Top of Data
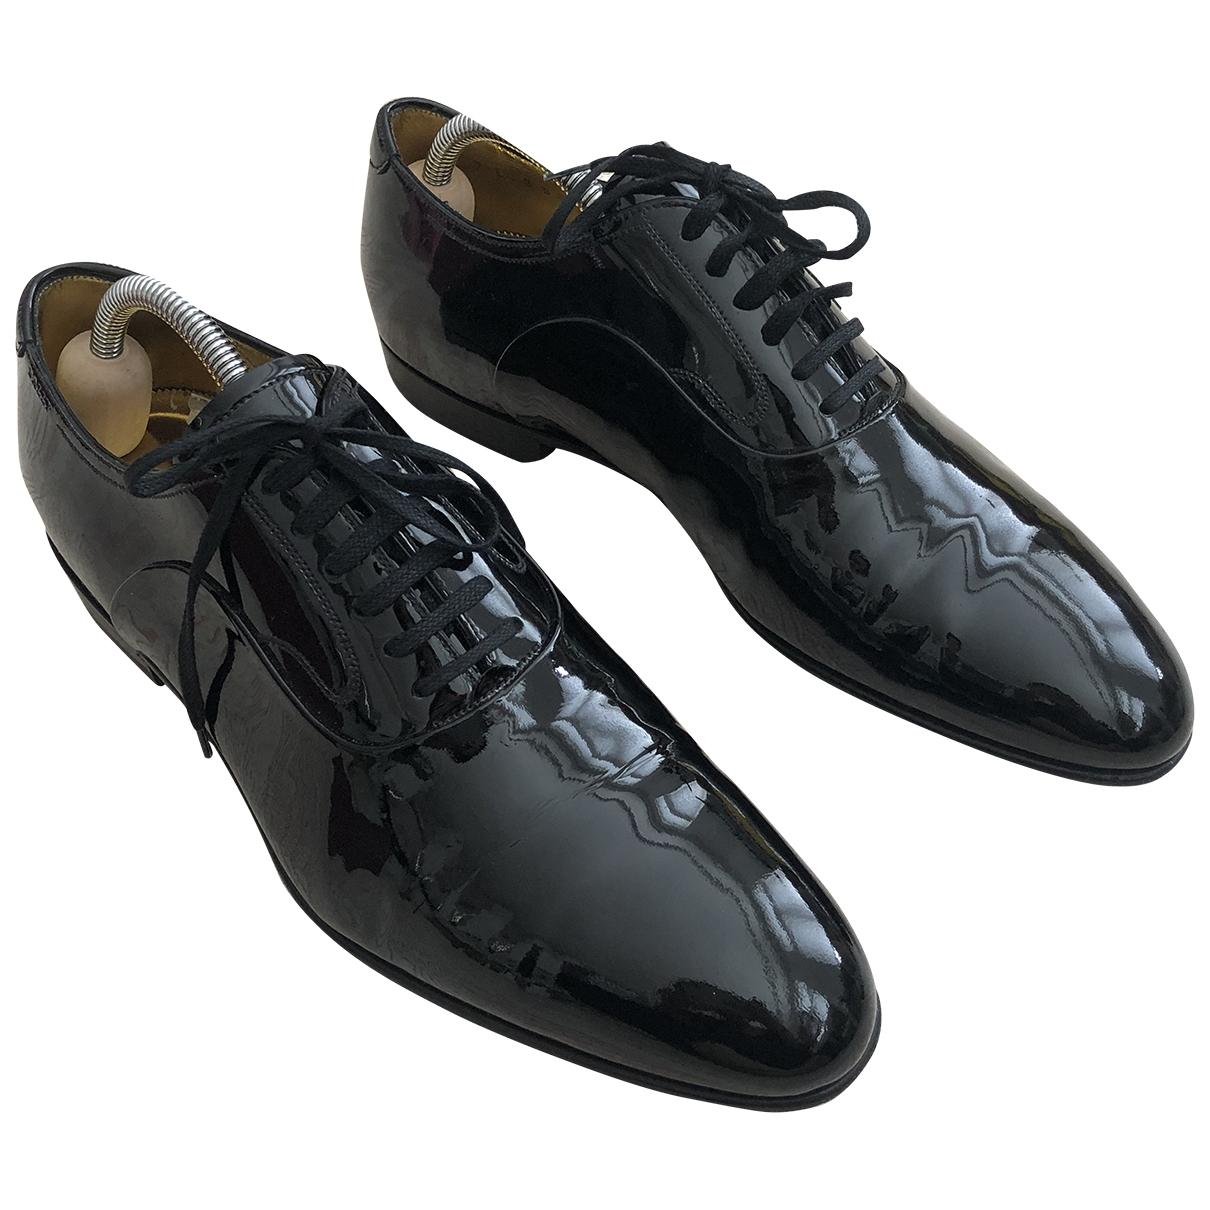 Bally - Derbies   pour homme en cuir verni - noir
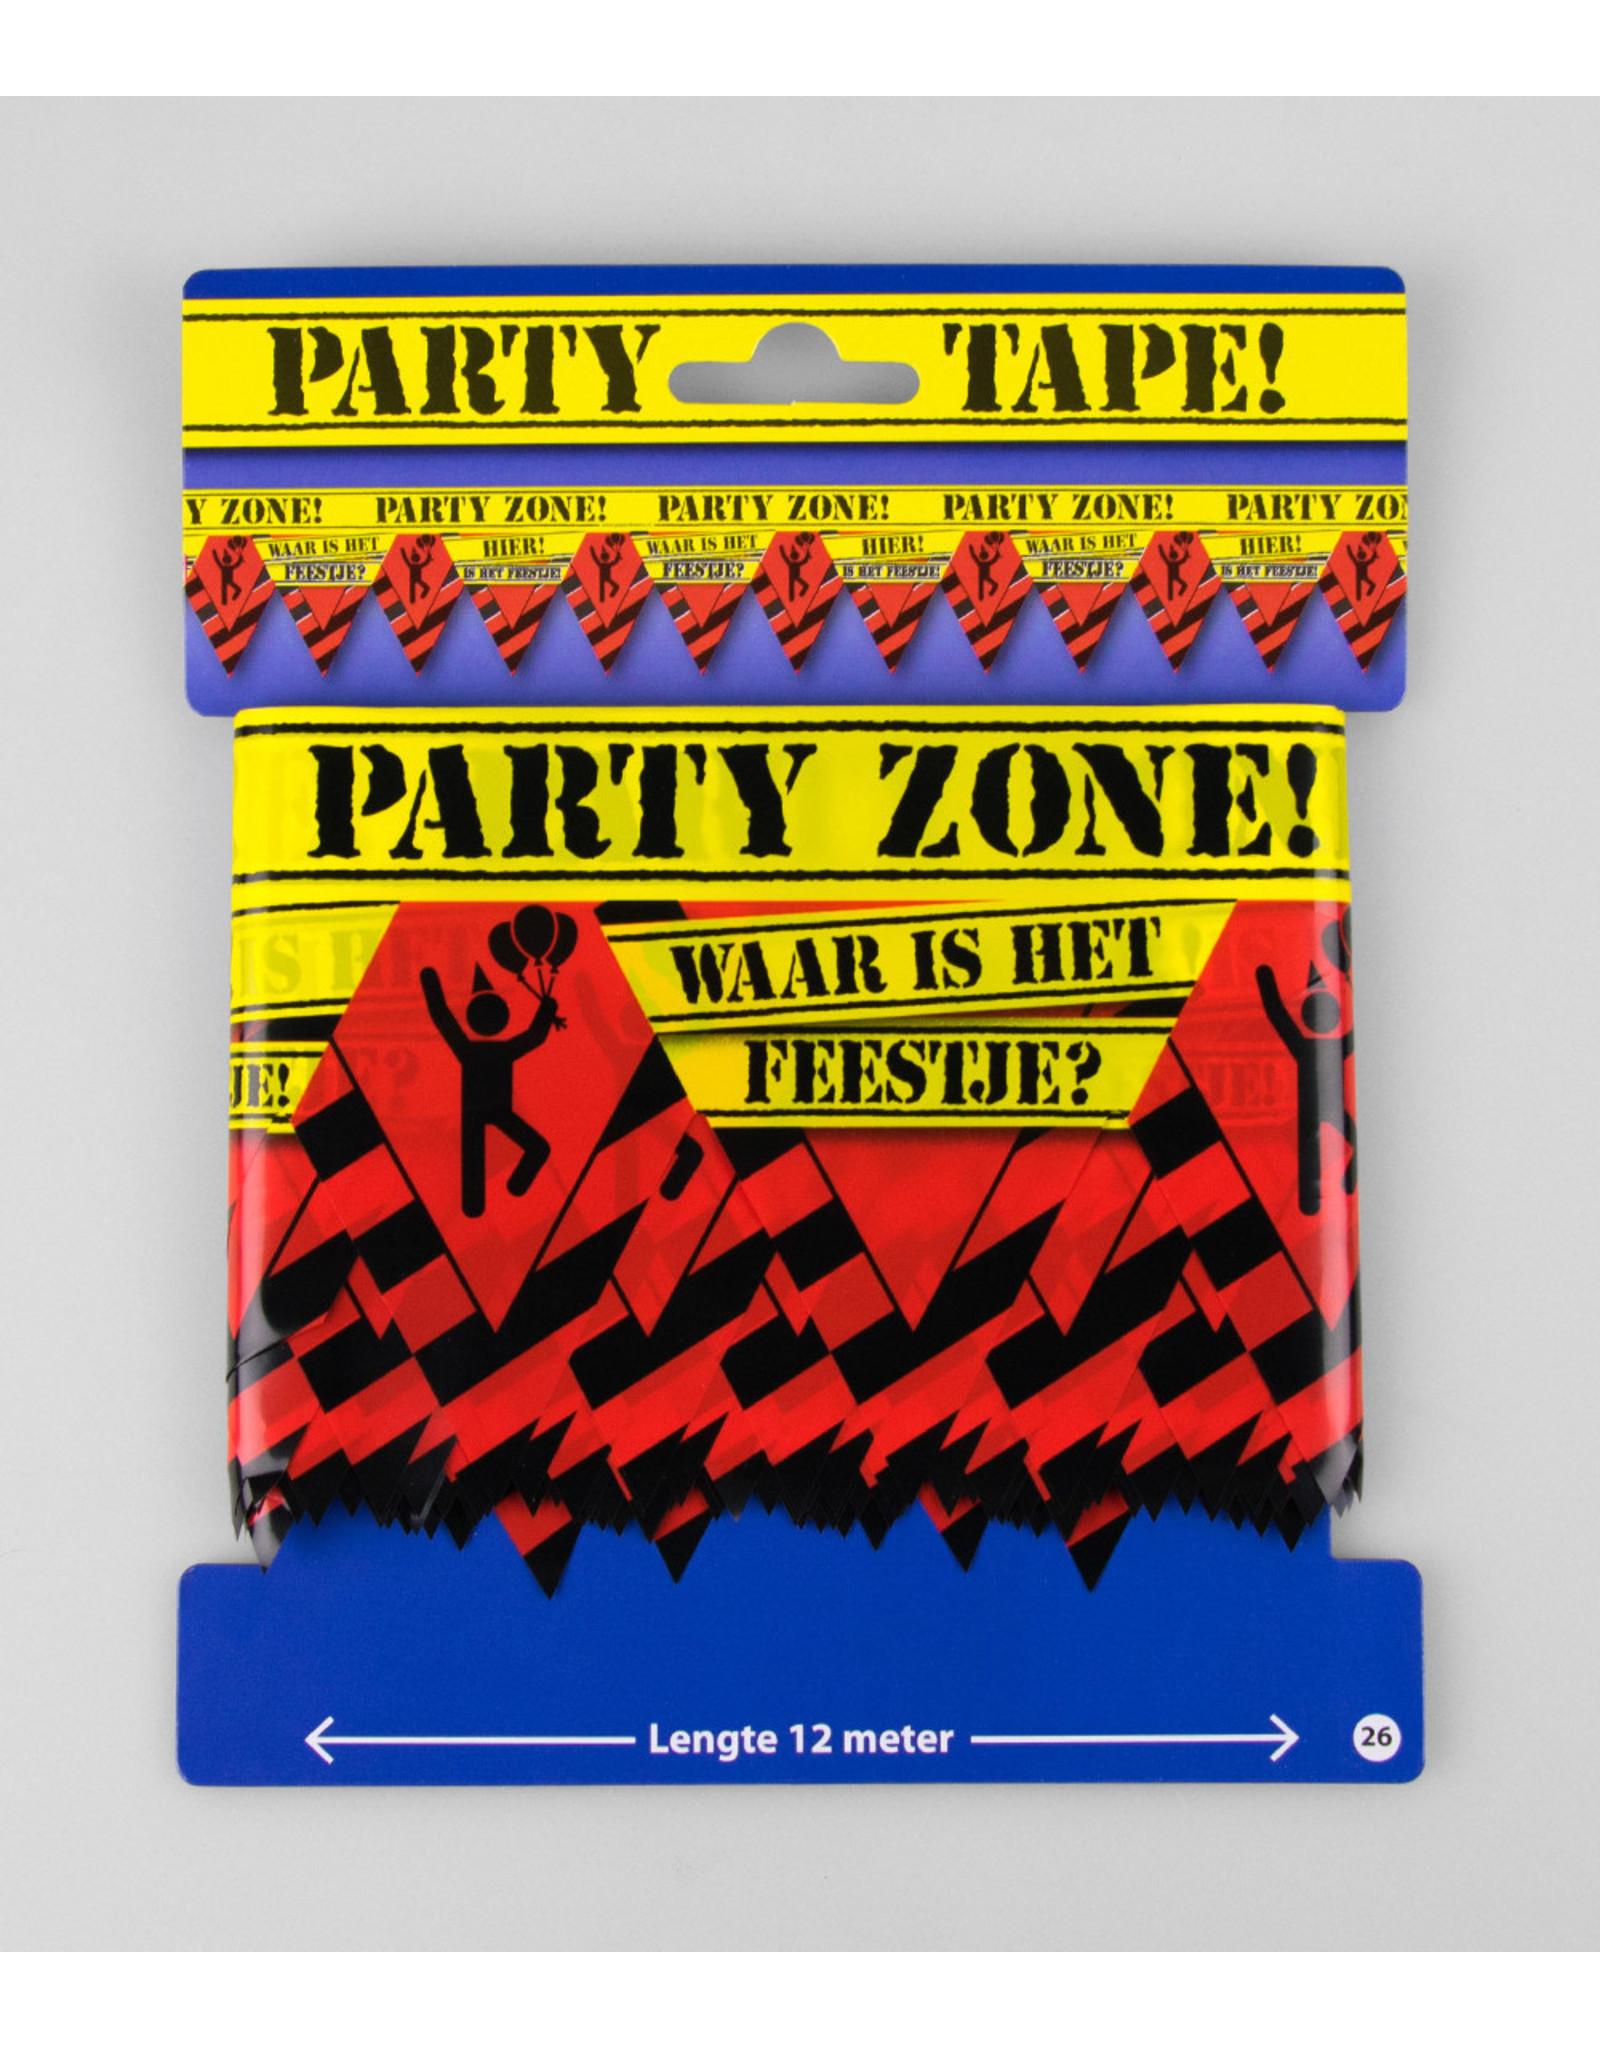 Afzetlint party zone waar is het feestje?
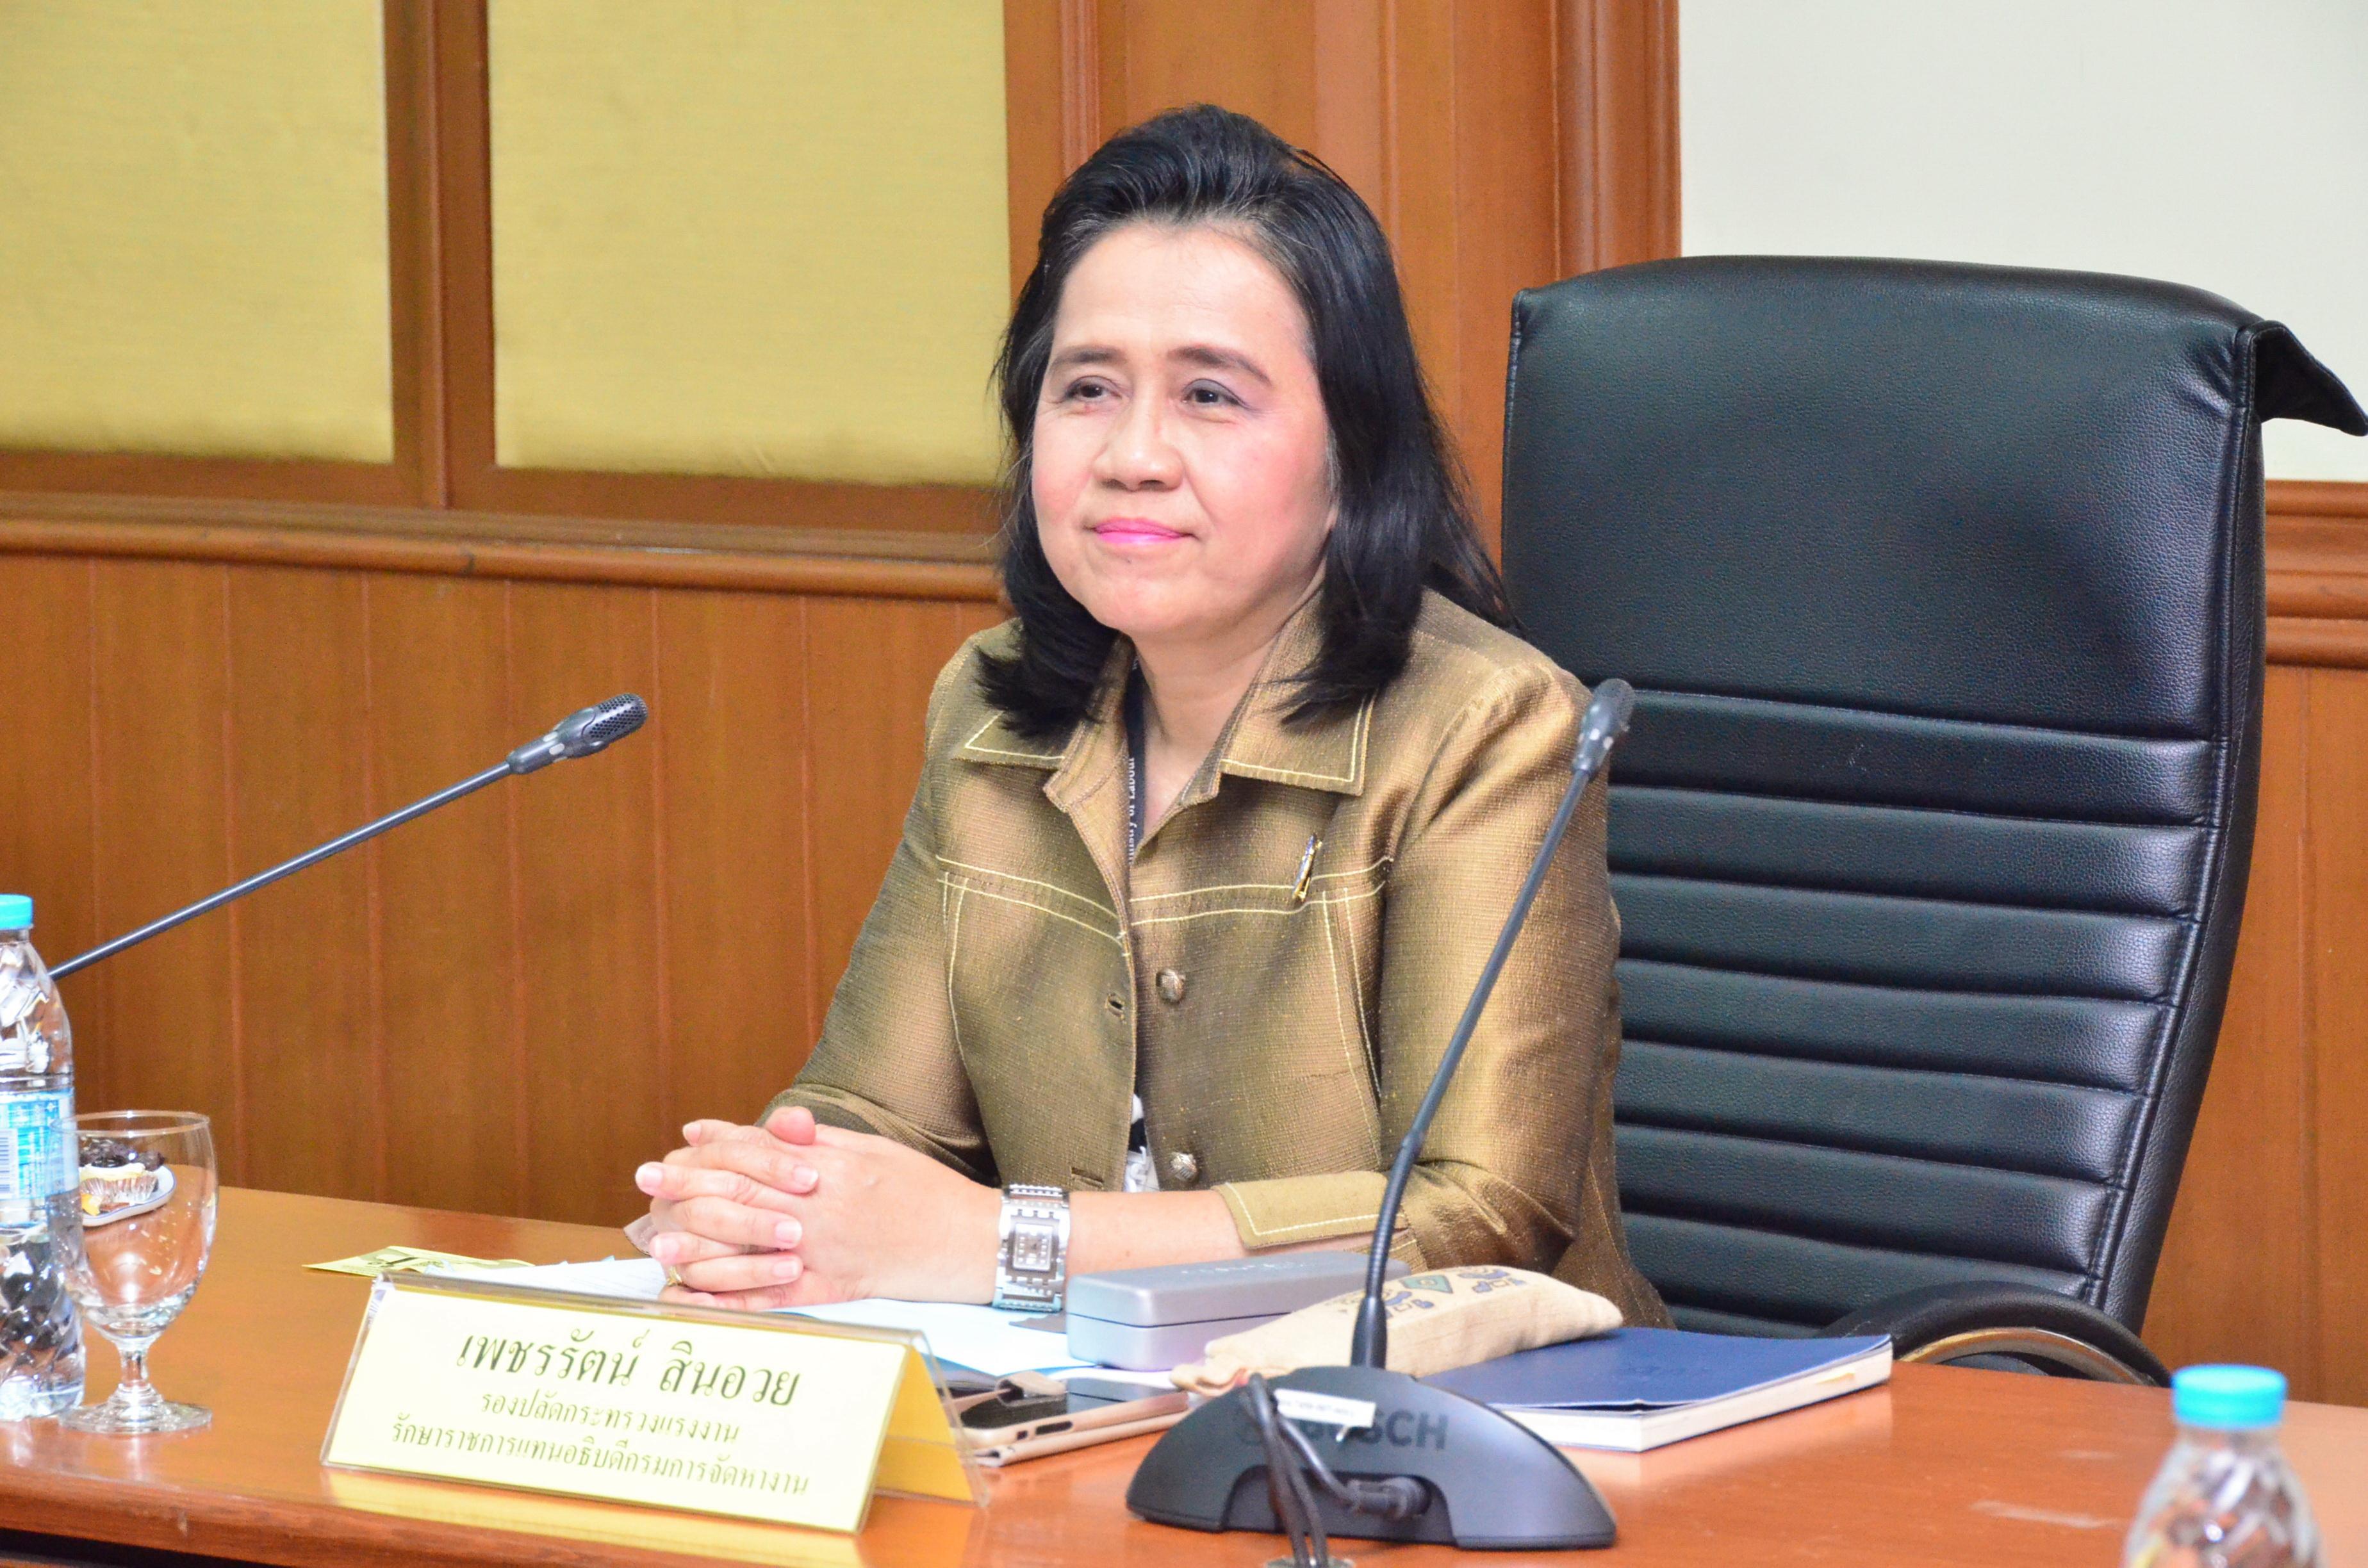 นางเพชรรัตน์ สินอวย รองปลัดกระทรวงแรงงาน รักษาราชการแทนอธิบดีกรมการจัดหางาน  เป็นประธานในการประชุมกรมการจัดหางาน ครั้งที่ 9/2561
Bottom of Data
Output all lines above precisely. Pictures are to be left out.

Output of the exercise
 Bally - Derbies   pour homme en cuir verni - noir
 Afzetlint party zone waar is het feestje?
 นางเพชรรัตน์ สินอวย รองปลัดกระทรวงแรงงาน รักษาราชการแทนอธิบดีกรมการจัดหางาน  เป็นประธานในการประชุมกรมการจัดหางาน ครั้งที่ 9/2561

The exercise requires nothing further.